Mine never hide. My daughter came home for spring break, and her friend was trailing her hand along the tank, and the fish followed. Her friend was amazed and made a game of it for about 5 minutes, back and forth. She thought the fish really liked her. I didn't have the heart to tell her it was dinnertime for the fish! :wink:


----------



## natalie559

Floridagirl said:


> her friend was trailing her hand along the tank, and the fish followed. Her friend was amazed and made a game of it for about 5 minutes, back and forth.


Mine do this too for me or anyone else at all times of the day. I joke and say they are getting fish exercise!


----------



## ictoae

I have the exact oppostite problem with mine. If I want to observe them doing anything other than clustering at the top front of the tank, I have to sit still for a few minutes. They think anybody moving anywhere in the same room as the tank means that it is feeding time. Seems the only ones that hide are the ones that I am actively chasing with a net when I'm trying to catch them.


----------



## earth intruder

Wow, I can't believe we have the same fish!

My Africans are complete _hams_, every time anyone walks by the tank they all rush over to that person and beg for food. The biggest problem I have trying to watch them is that when they see a human nearby, they discontinue their normal behavior and try to get attention.

If I stick my hand into the tank, half of them try to fight my hand, and the other half try to eat it. Totally fearless.


----------



## fishcyrious

earth intruder said:


> Wow, I can't believe we have the same fish!
> 
> My Africans are complete _hams_, every time anyone walks by the tank they all rush over to that person and beg for food. The biggest problem I have trying to watch them is that when they see a human nearby, they discontinue their normal behavior and try to get attention.
> 
> If I stick my hand into the tank, half of them try to fight my hand, and the other half try to eat it. Totally fearless.


This sounds like my tank also...... 
They don't try and fight my hand but they don't go and hide.
If anyone goes near the tank they beg for food.

My Tank 72 bow 
40% water changes per week

5 Yellow Labs 3"	
1 Zebra Long Pelvic'sÂ 3"	
1 Blue Dolphin 4"	
2 Red Zebra's 4" 
1 Ngara Peacock 2 1/2"	
1 Rubescen Peacock 3"	
6 Yellow tail Acei 4"

4 Giant Danio's 
3 Synodontis petricola	
1 Busyhnose pleco	
1 Busyhnose alibino pleco
:fish: :fish: :fish: :fish:


----------



## Dizzcat

Mine stay in their caves most of the day. At night they all come out and are very active. At night is when the only light on is the tank and TV and they cannot see out very well. They are so busy at night that I am forever pausing the TV just to watch them.

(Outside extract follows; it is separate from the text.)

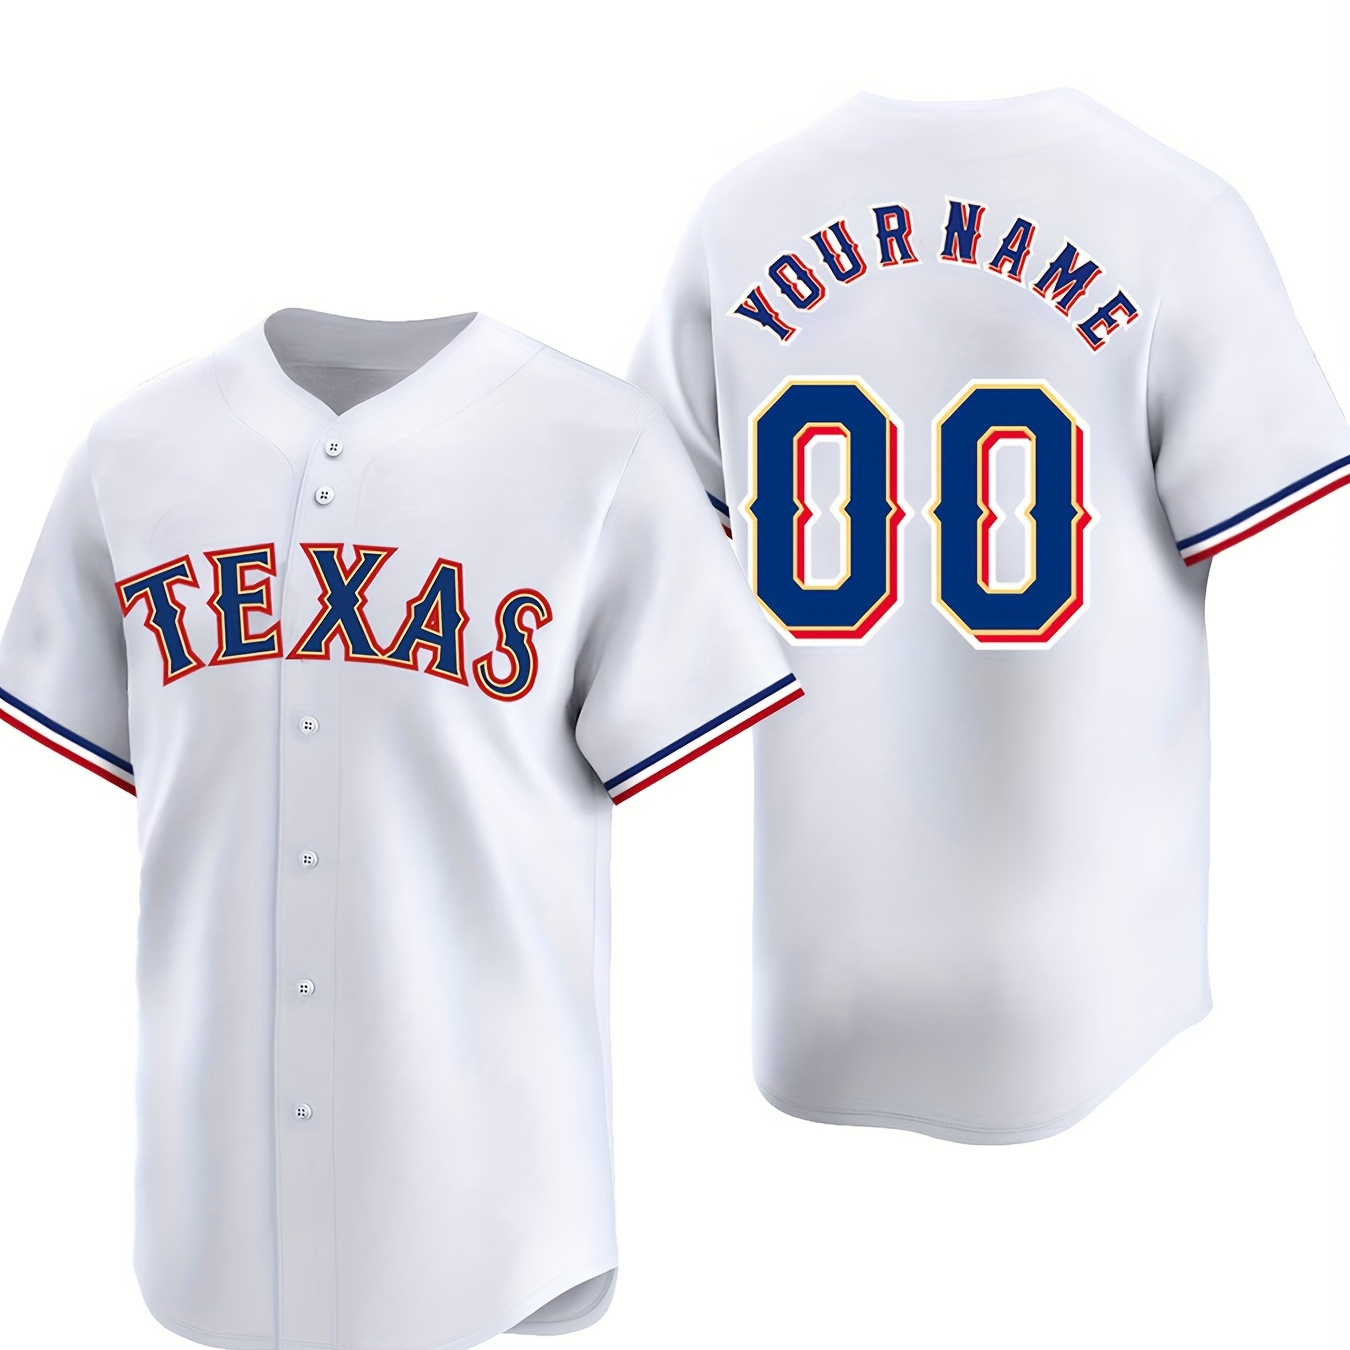 

Men's Personalized Custom Baseball Jersey Shirt, Your Diy Name Numbers & Texas Graphic Print Short Sleeve Button Up Shirt For Competition Party Training

I live alone, so am wondering if its because there isn't many people to get used to? I will see them being active during the day, but as soon as they see me or anyone else they duck into their caves. Its rather frustrating at times when I want to show them off. The only fish to come say "hi" to me is my Rainbow shark. They know that when I turn the light on is when they get fed, so will go near the top, but do not get hyped up like I wish they would.

I also wonder if I could put in a medium sized group of say Tiger Barbs, would that help them to relax? Would one skittish fish cause the rest to be jumpy?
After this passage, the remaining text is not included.